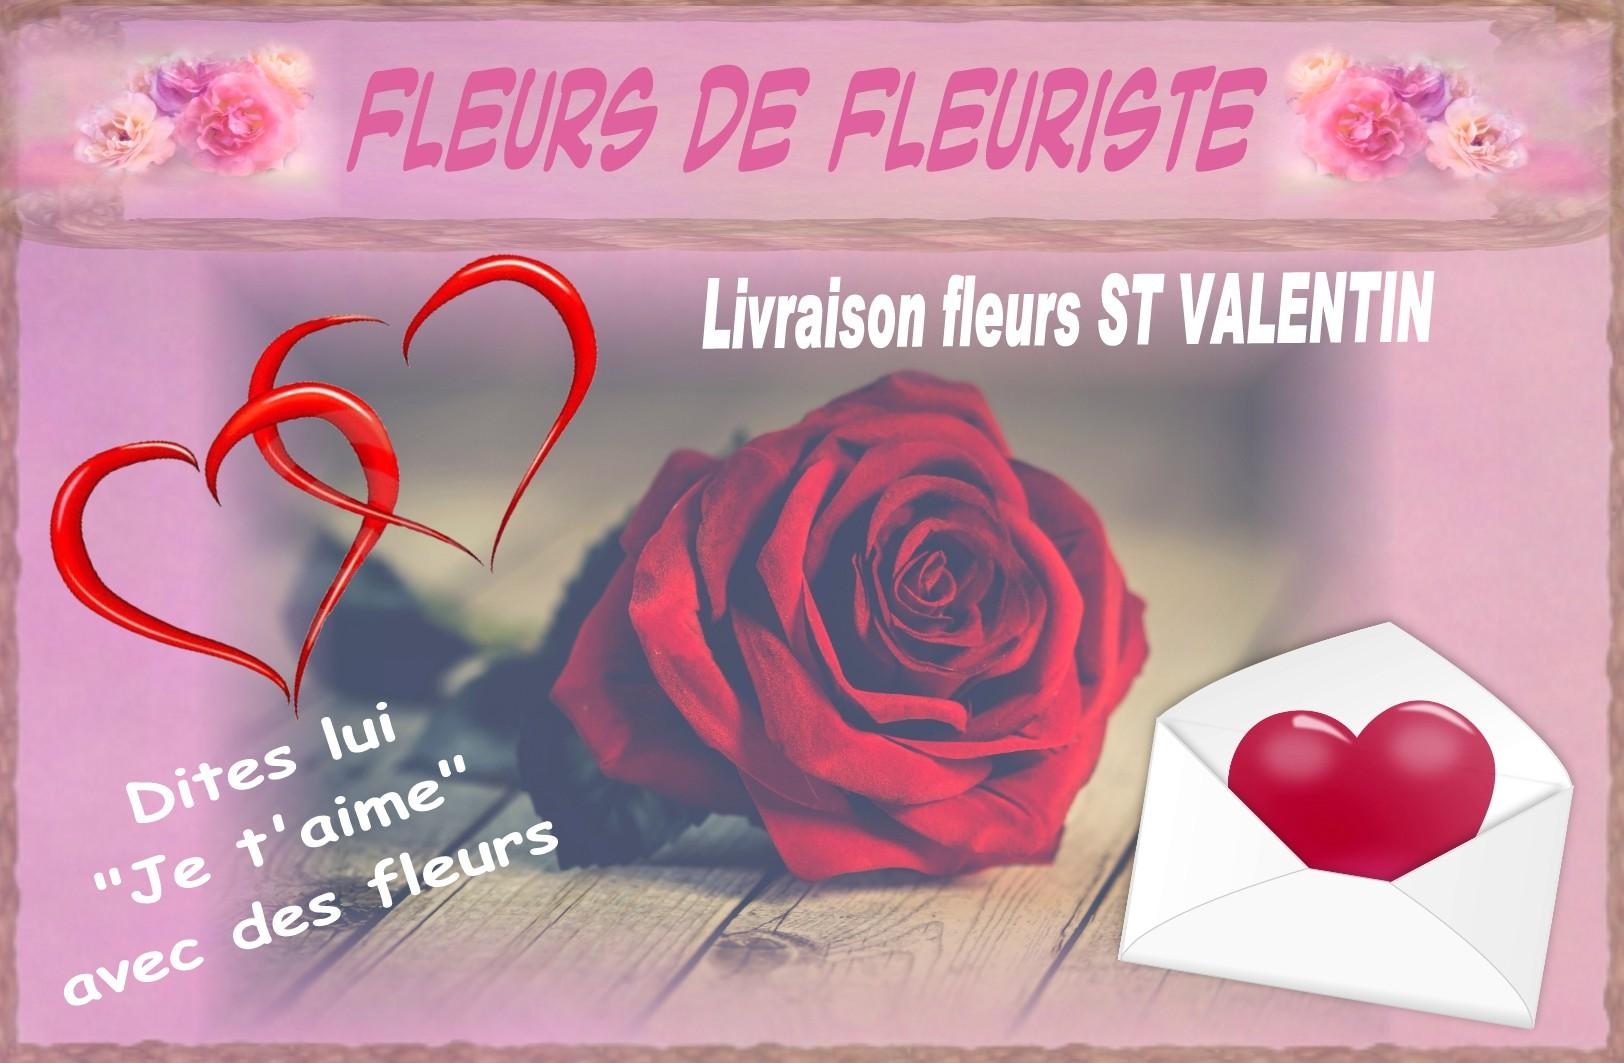 SAINT VALENTIN - LIVRAISON FLEURS POUR LA SAINT VALENTIN
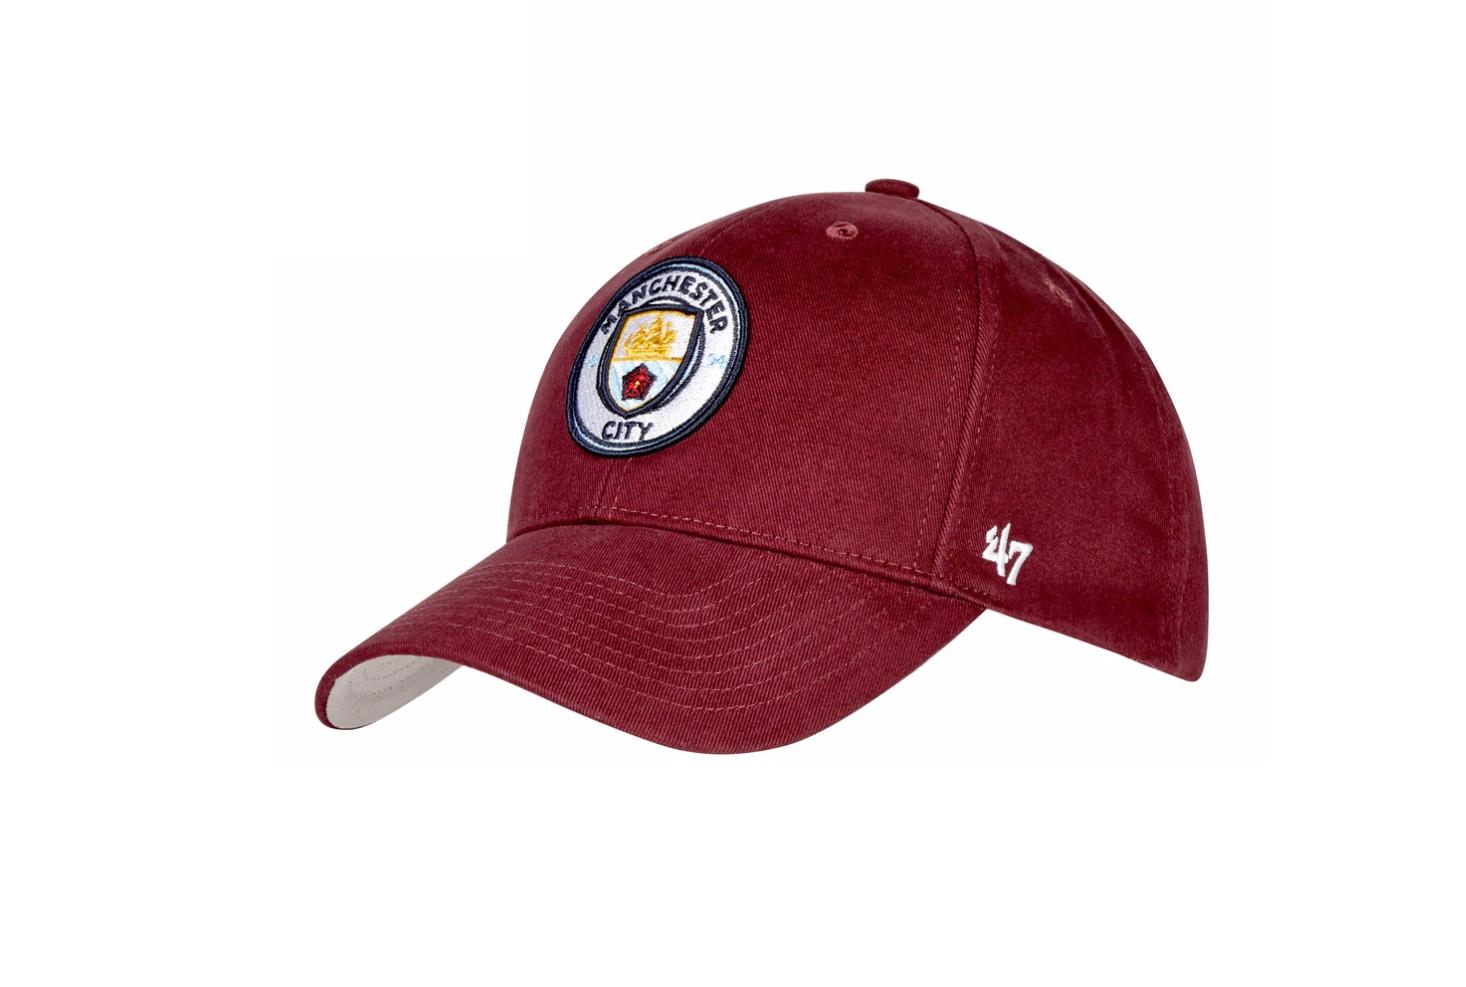 หมวกแมนเชสเตอร์ ซิตี้ 47 MVP Cap Maroon ของแท้
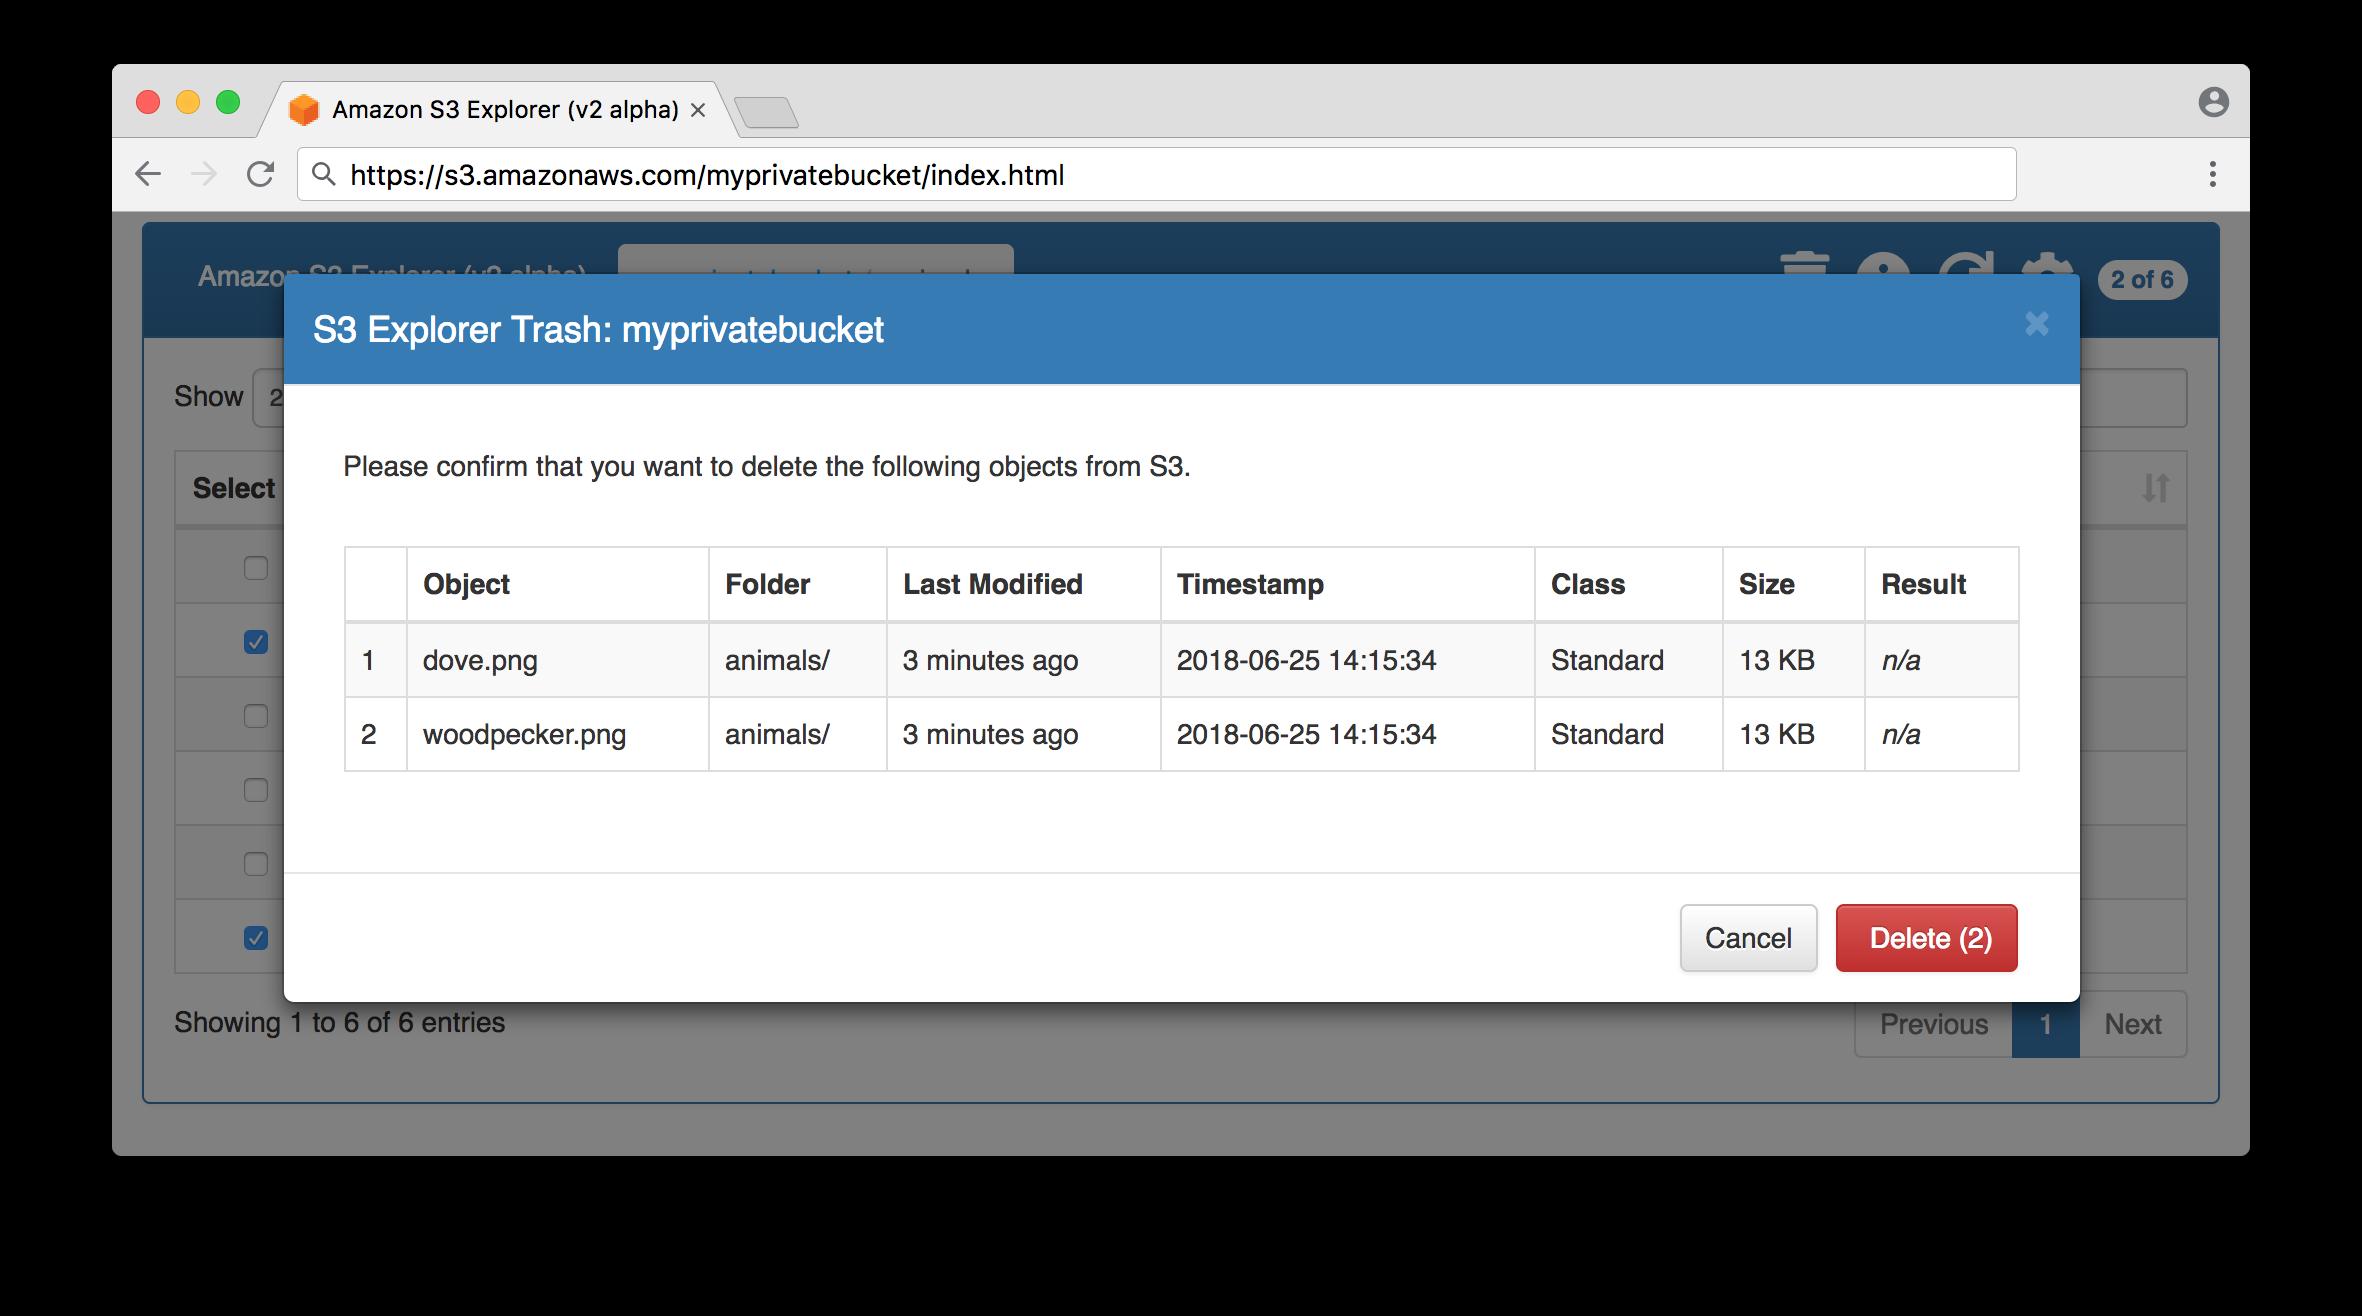 Bucket object delete request screen

════════

◆ **ACTION ITEM**
Print the full listing above again with exact wording and no images.

◆ **TASK OUTPUT**
 SAINT VALENTIN - LIVRAISON FLEURS POUR LA SAINT VALENTIN
 หมวกแมนเชสเตอร์ ซิตี้ 47 MVP Cap Maroon ของแท้
 Bucket object delete request screen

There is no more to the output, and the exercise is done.